Five Great New Takes on the Old Fashioned That Won’t Offend Your Father
Simple alterations with coffee, honey, rum, salt or even curry can transform a classic cocktail
No matter the when. What everyone is celebrating is the ideal cocktail, one that is simple to make and modify while keeping the booze element front and center.
Per Robert Simonson’s excellent 2014 cocktail tome The Old-Fashioned: The Story of the World’s First Classic Cocktail with Recipes and Lore, the Old Fashioned has led a fascinating, tortured history: Civil War-era roots (Union soldiers received “Whiskey Cocktail” provisions), a fruity downfall mid-century (Simonson dubs this “sacchariferous window dressing”), and a modern rebirth (aka “The Mad Men Effect”).
I drink probably two variations on an Old Fashioned every week. The classic recipe — bourbon, sugar cube or simple syrup, bitters, big ice cube, stir — is the lazy home bartender’s best friend. But alter or add one ingredient, and you have a whole new experience.
In lieu of overly redefining what works, the recipes and ideas below are simply Old Fashioneds I’ve enjoyed in 2020, including possibly my new favorite (which adds one crucial element).
The best new take: True Northwest Old Fashioned
- 2 oz Westward American Single Malt
- .25 oz Jacobsen’s Bee Local Honey
- 1 pinch Jacobsen’s Sea Salt
- .5 dropper Portland Bitters Company Aromatic Bitters
Portland’s Westward team recently teamed up with some local neighbors to craft an exceptional OF variation. The key here is the salt. Jacobsen extracts their spice from oyster beds within Oregon’s Netarts Bay. Add in an artisanal honey and some organic bitters, and you have a cocktail that offers a different sweetness and a touch of salinity (basically, it’s the “chunky chocolate chip cookies with sea salt” of Old Fashioneds).
A buzzy brunch alternative: The Cold Fashioned
- 1.5 oz Mr Black
- 1 oz. rye whiskey
- 1 dash orange bitters
You can up that rye to 1.5 oz. if you want, but the good thing about Mr Black is that it adds coffee notes while also accounting for the sweetness, plus has a nice little kick of its own. And you can radically change this simple variation by using the brand’s new Single Origin release, which adds some dried fruit notes.
Your cheat: High West Barrel-Finished Cocktails
Just launched, Utah’s distillery just released new bottled variations of both the Old Fashioned and a Manhattan. Yes, the drink is easy to make, but if you can get ’em pre-batched in a large format for about $4/cocktail, having someone else do is worth it. High West utilizes both bourbon and rye in their recipe, and then rests the cocktail in second-use rye whiskey barrels. The result isn’t overly sweet — the rye elements nicely cut down on that — with a modest hint of orange zest.
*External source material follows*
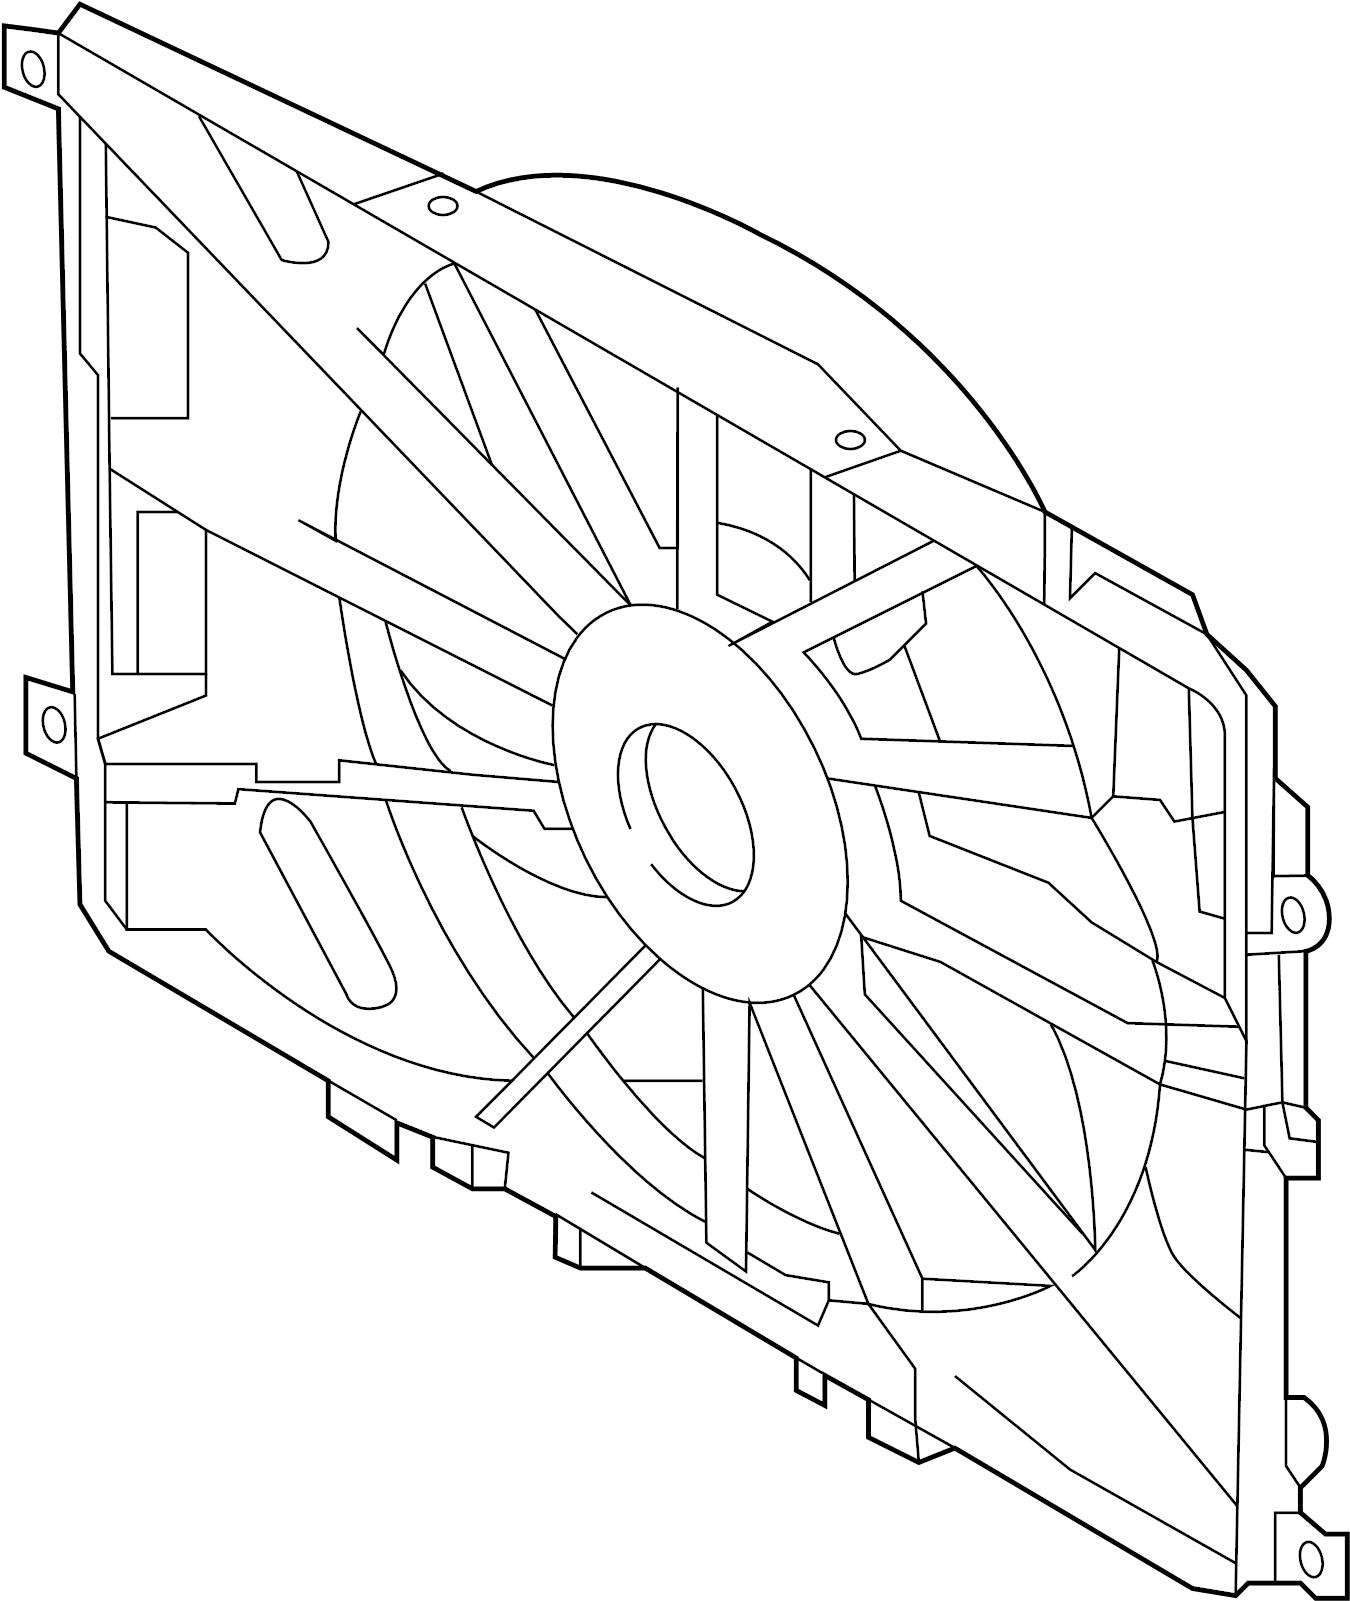 INFINITI I30 Engine Cooling Fan Motor. SHROUD, RADIATOR

Back-up batch plan: Santa Teresa has put together a few interesting cocktail kits that sub in its 1796 rum for whiskey. The results are a Trinidadian take that adds notes of chipotle, curry powder and chai, and a deliciously smooth coffee/chocolate-y variation where all sale proceeds go to BEAP (Bartender Emergency Assistance Program).
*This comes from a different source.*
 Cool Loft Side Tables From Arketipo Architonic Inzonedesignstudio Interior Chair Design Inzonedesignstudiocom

Your “remembering summer” sipper: The Smoked Old Fashioned
- 2 parts Longbranch
- 0.5 parts sherry
- 0.25 parts sugar syrup
- 5 drops bitters
Stir ingredients over ice, then strain in a smoking decanter. smoke with wood chips of your choice, swirling to incorporate smoke. Pour into Old Fashioned glass over ice block.
Our appreciation of Longbranch (a Wild Turkey release) grew this summer — it was just a whiskey that felt right on hotter days. This smoked variation and the dry notes of the sherry give this one a campfire feel.
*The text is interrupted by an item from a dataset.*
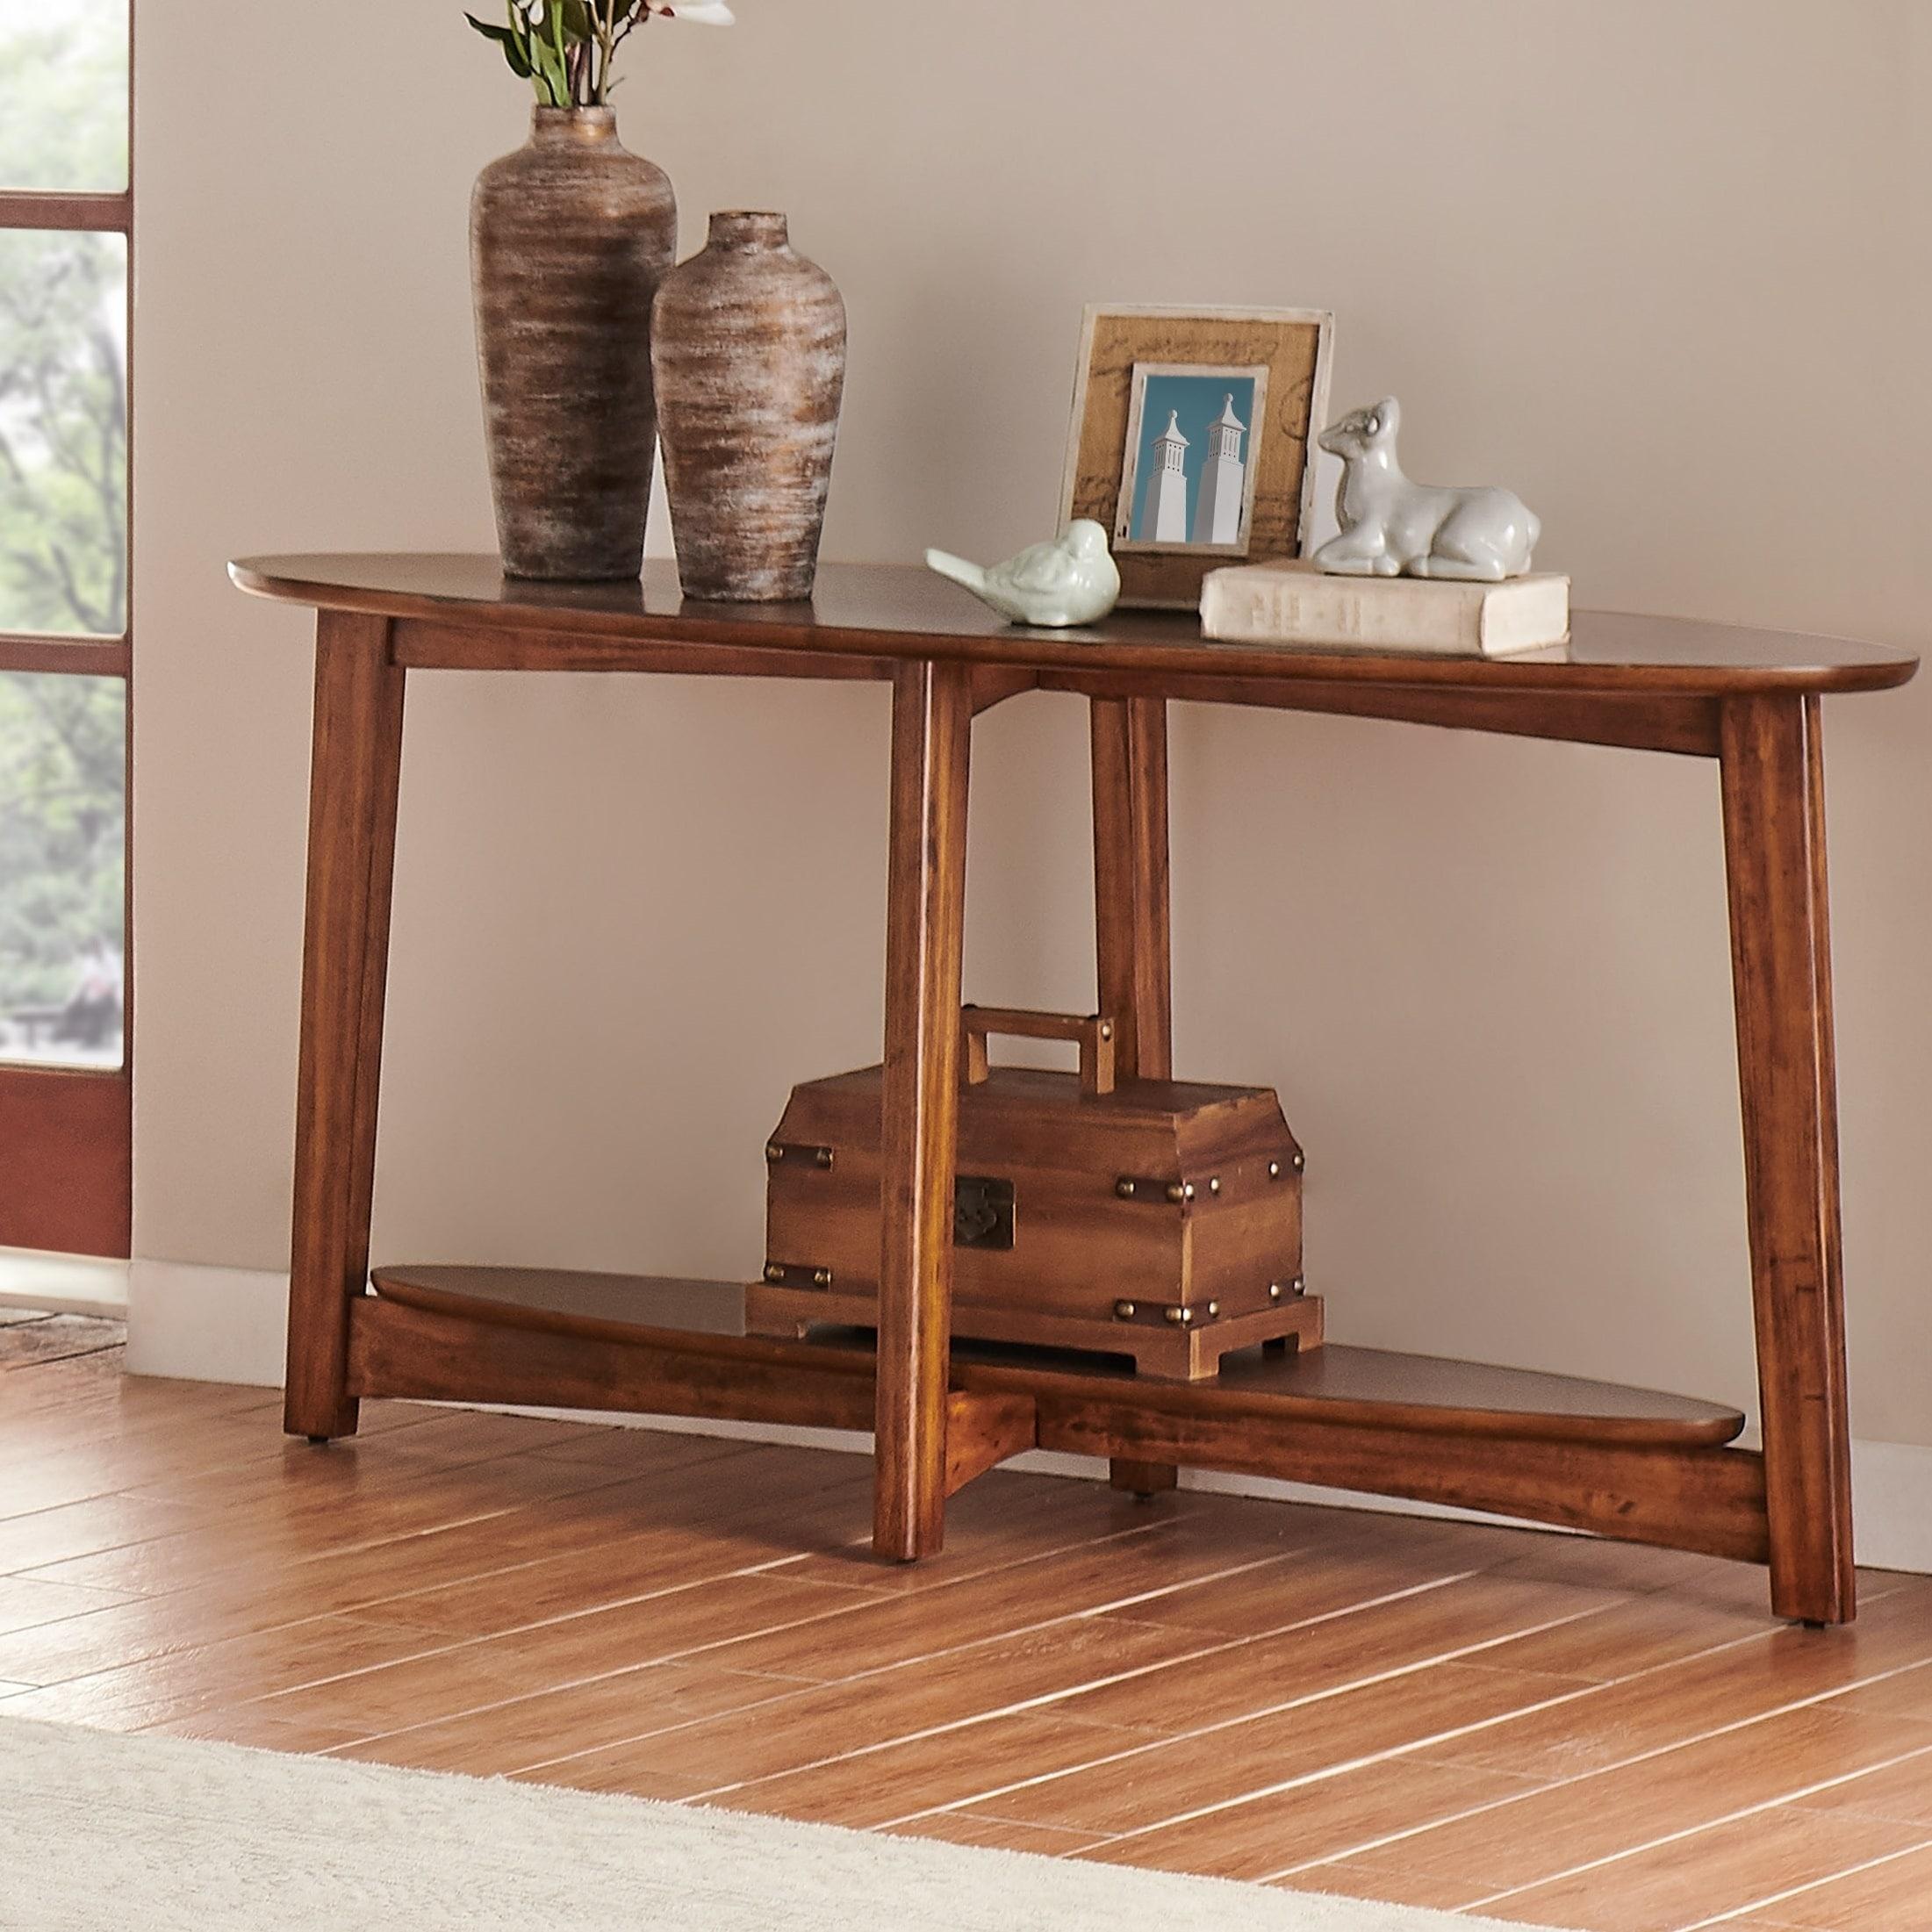 Carson Carrington Yttertanger Mid Century Modern Console Entryway Table Overstock 29871452

Your winter alternative: Cincoro Spiced Old Fashioned
- 2 oz Cincoro Reposado
- .5 oz spiced syrup *
- 2 dashes orange bitters
- Orange twist
Build in mixing glass. Add ice, stir, strain into ice-filled rocks glass. Garnish with a twist.
The spiced syrup:
- 1 cup brown sugar
- 1 cup water
- 4 cinnamon sticks
- 4-5 cloves
- 1 vanilla bean pod.
Add all into a small saucepan. Bring to a boil, covered; then let simmer on low heat for 30 minutes and cool for at least an hour.
This is how I described Cincoro’s reposado last year: “Aged in used whiskey barrels 8-10 months in an underground cave, the angel share is about half what you’d normally have … I usually find reposados to be lacking character, but not here. On the nose, you’ll get mocha, caramel and vanilla, plus a bit of creme brûlée. On the palate, it’s chocolate and cinnamon.”
Think that wouldn’t work well in an Old Fashioned?